多くの被災者が移住した仁田町にある「犠牲者追悼之碑」前には朝から献花台が設けられ、市民らが慰霊の花を手向けた。自宅が被災した近くの園田元市さん(83)は「当時は亡くなった消防団員の葬式が毎日のように続いた。今でも忘れられません」と声を震わせた。
献花した横田修一郎市長は「亡くなった消防団員には知り合いもおり、個人的にも一生忘れることができない日。被災を伝えていくことが私たちの使命です」と話した。
犠牲となった消防団員が詰め所としていた北上木場町の農業研修所跡にも遺族らが訪ね、線香を供えた。
亡くなった市消防団副団長の谷口武さん(当時41歳)の義姉、松本利美さん(63)(島原市新湊)は、「ここでおじいちゃんが亡くなったんだよ」などと、一緒に来た武さんの孫(4)に語りかけていた。「二度と犠牲者を出さないためにも、自然災害の怖さを伝え続けます」と松本さん。
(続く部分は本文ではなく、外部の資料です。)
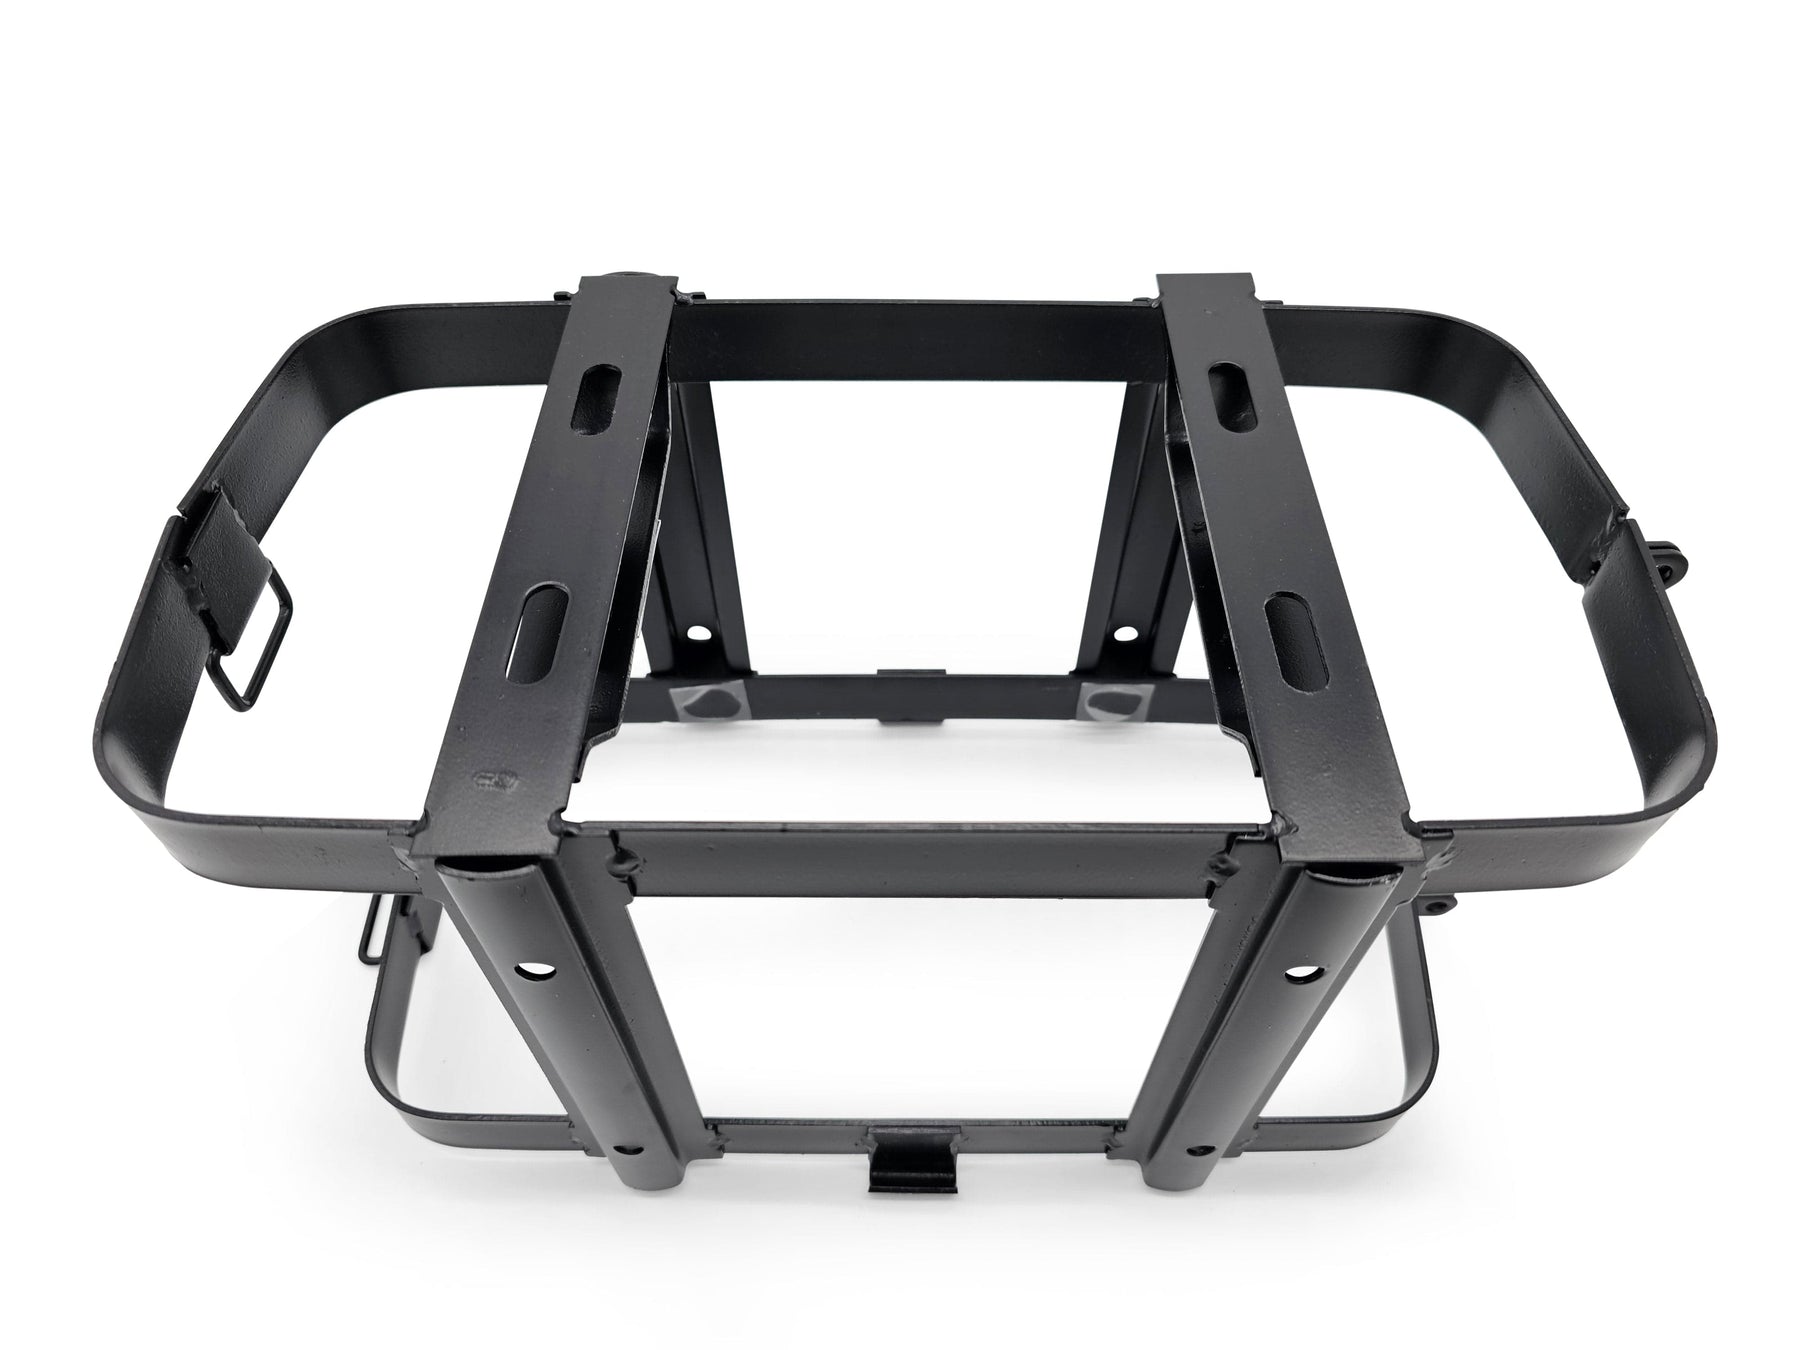 2.5 or 5 Gallon Jerry Can Bracket – GTFOverland

当時の島原市長だった鐘ヶ江管一さん(79)も訪れ、火砕流発生時刻の午後4時8分、消防団員の遺族らと黙とう。「大変な19年間だったでしょう。ただ、(亡くなった消防団員が)天国でお守りになっているから、こうして皆さんもお参りできるのですよ」と語りかけると、遺族からすすり泣きが漏れた。
第四小(永石一成校長、178人)では「6・3 いのりの日」集会が開かれ、児童が火砕流の悲惨さを学んだ。
災害を学習した4年生が火砕流や被災状況について発表。家族らに聞くなどして学んだ災害時のことを寸劇を交えながら再現し、「命と絆(きずな)、感謝の気持ちを大切にしよう」と訴えた。
その後、当時、市内の第二小に勤務していた永石校長が自らの被災体験を基にした紙芝居を披露。避難所に連れて行くことが出来ずに愛犬を残したことを話すと、涙をぬぐう児童もいた。